Once the Pod has been created, then we use a throw-away Pod to connect to mysql service and build some data:

$ kubectl run mysql-cli --rm -i --tty --image imega/mysql-client -- /bin/sh
If you don't see a command prompt, try pressing enter.
/ # mysql --host=mysql-service.default.svc.cluster.local --user=root --password=xyz
Welcome to the MariaDB monitor. Commands end with ; or \g. Your MySQL connection id is 9 Server version: 5.6.51 MySQL Community Server (GPL) Copyright (c) 2000, 2018, Oracle, MariaDB Corporation Ab and others. Type 'help;' or '\h' for help. Type '\c' to clear the current input statement. MySQL [(none)]>

From the mysql shell, we create a test database with dummy data populated:

CREATE DATABASE `testdb`; 
USE testdb; 
CREATE TABLE IF NOT EXISTS tasks ( 
  task_id INT AUTO_INCREMENT PRIMARY KEY, 
  title VARCHAR(255) NOT NULL, 
  description TEXT, 
  created_at TIMESTAMP DEFAULT CURRENT_TIMESTAMP 
) ENGINE=INNODB; 
INSERT INTO tasks (title, description) VALUES ('Job A','Morning Standup');
INSERT INTO tasks (title, description) VALUES ('Job B','Latte with two shots of espresso');
INSERT INTO tasks (title, description) VALUES ('Job C','Coding coding and coding');
INSERT INTO tasks (title, description) VALUES ('Job D','git commit');

Each SQL command should return with number of rows affected and then we can exit the MySQL shell and Pod shell.
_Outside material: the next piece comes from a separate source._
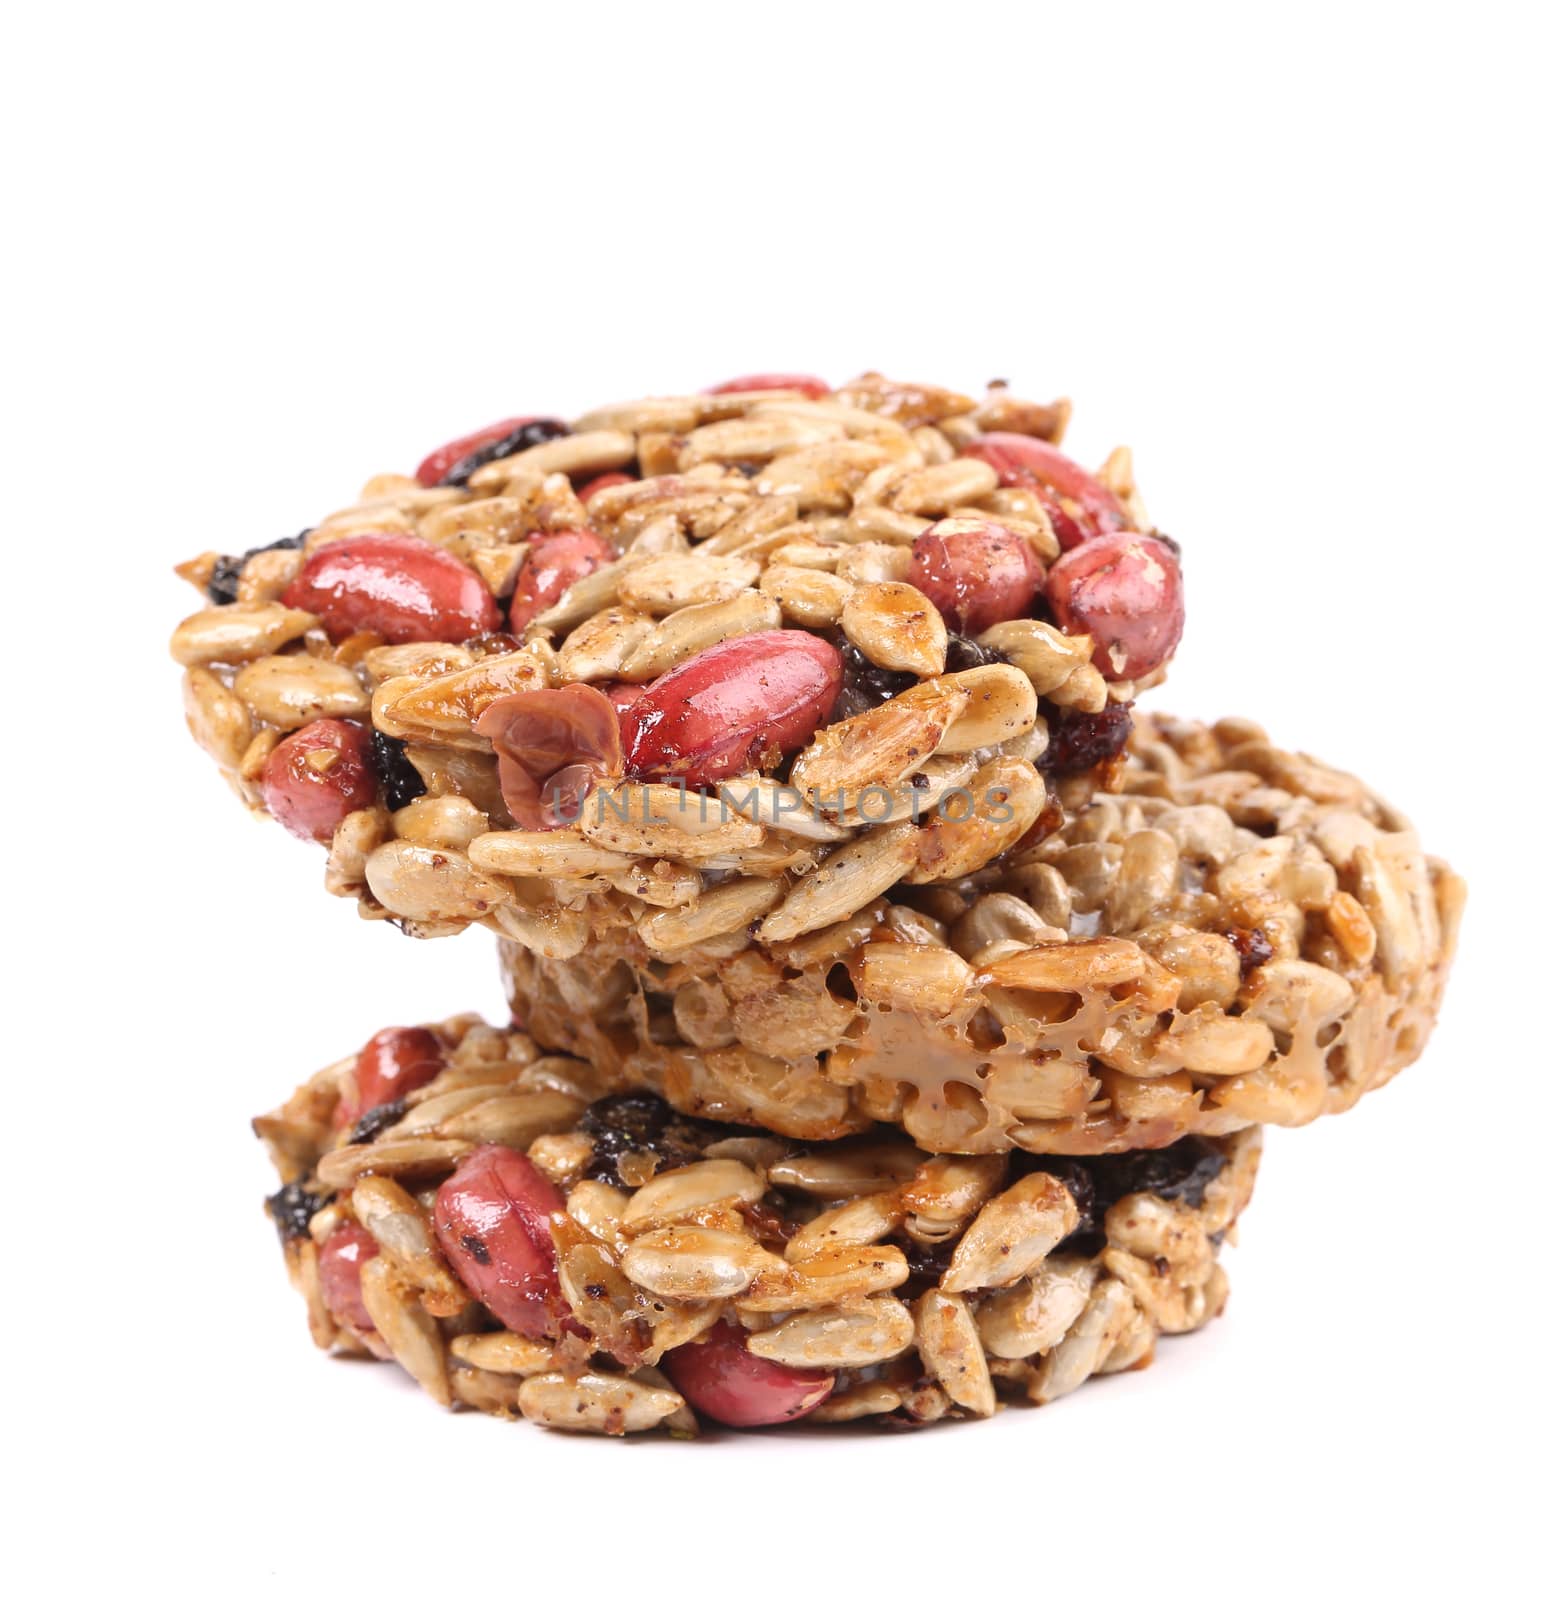 Stack of candied peanuts sunflower seeds. Isolated on a white background.
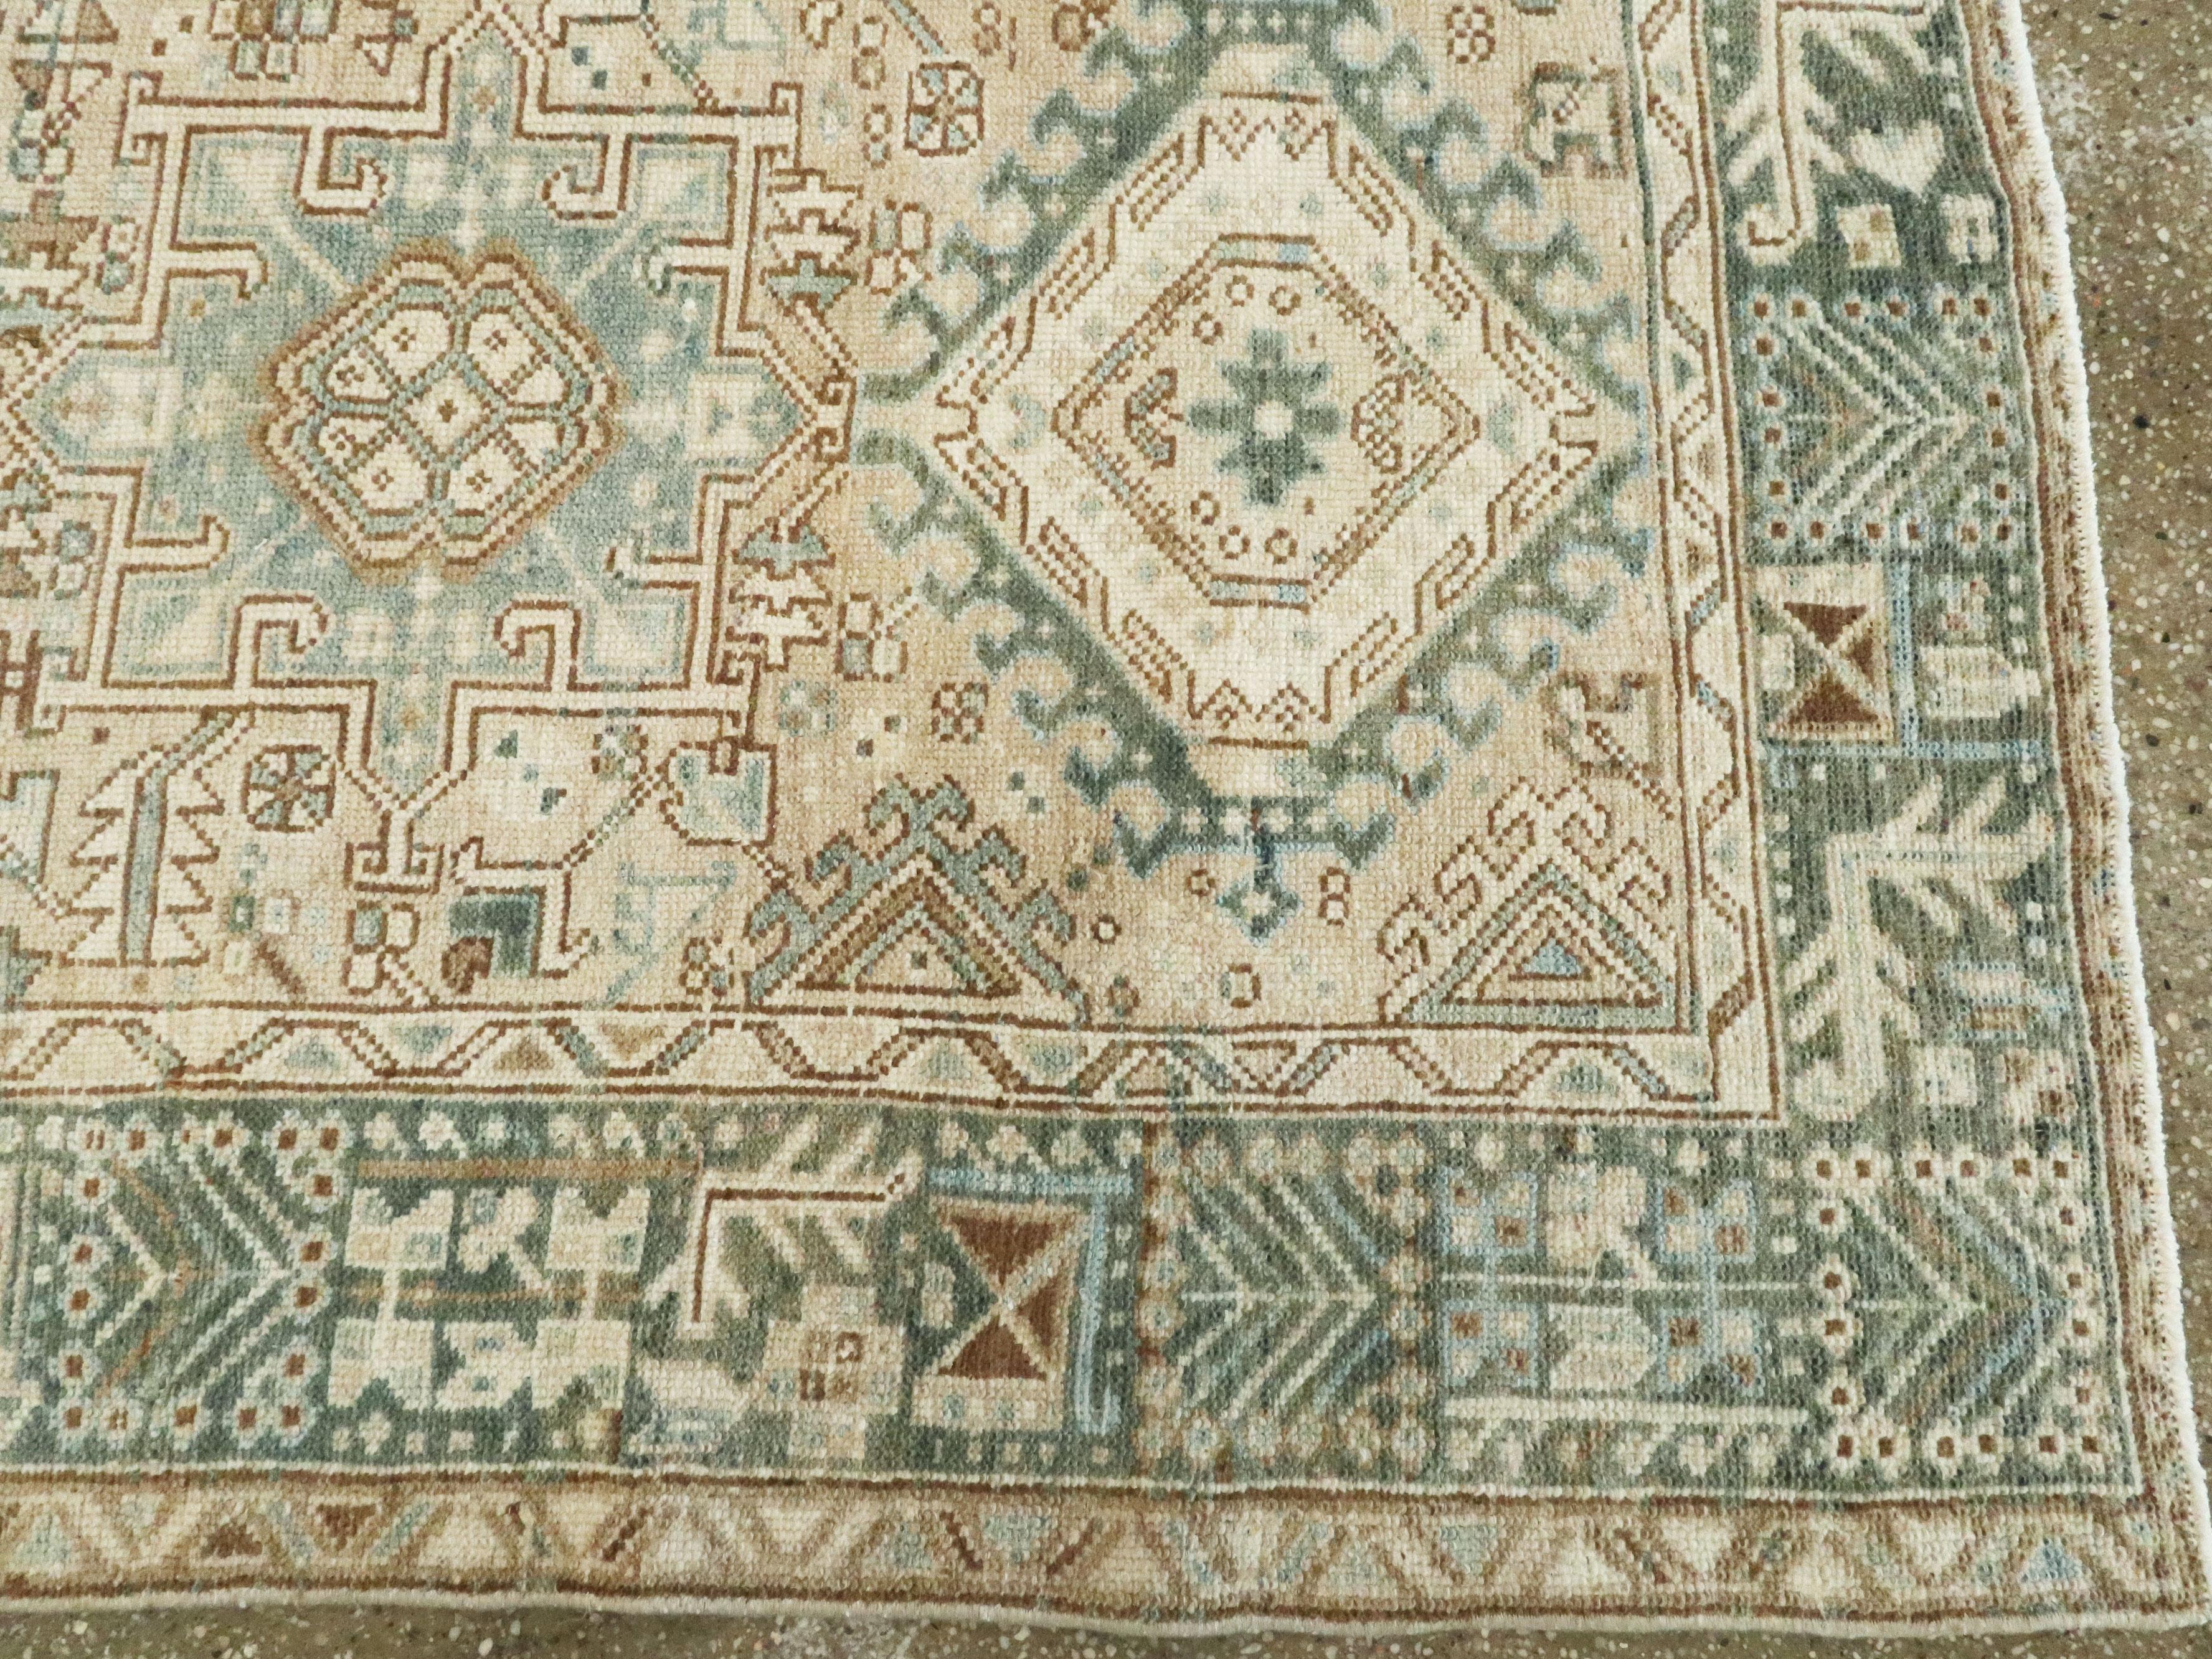 Mid-Century Persian Room Size Carpet With A Tribal Design In Teal and Sand Color 5

Once we exit out of the Pod shell, the Pod is deleted. We can re-connect to validate the data are still present:

$ kubectl run mysql-tester --rm -i --tty --image imega/mysql-client -- mysql --host=mysql-service.default.svc.cluster.local --user=root --password=xyz --database testdb --execute='SELECT * FROM tasks;'
If you don't see a command prompt, try pressing enter.
Got error: Access denied for user 'root'@'147.206.3.15' (using password: NO)
+---------+-------+----------------------------------+---------------------+
| task_id | title | description                      | created_at          |
+---------+-------+----------------------------------+---------------------+
|       1 | Job A | Morning Standup                  | 2022-06-22 20:29:12 |
|       2 | Job B | Latte with two shots of espresso | 2022-06-22 20:29:12 |
|       3 | Job C | Coding coding and coding         | 2022-06-22 20:29:12 |
|       4 | Job D | git commit                       | 2022-06-22 20:29:13 |
+---------+-------+----------------------------------+---------------------+
Session ended, resume using 'kubectl attach mysql-tester -c mysql-tester -i -t' command when the pod is running
pod "mysql-tester" deleted

The output validates the persistent storage of the data. When testing a different storage class, simply start over with a different storage class specified in the PVC part of the manifest.

Summary

This post focuses on storage options for persistent volumes on Azure Kubernetes service. I use my own Terraform template with some custom configuration. I also covered kubestr as benchmarking tool and ran it against the built-in storage classes.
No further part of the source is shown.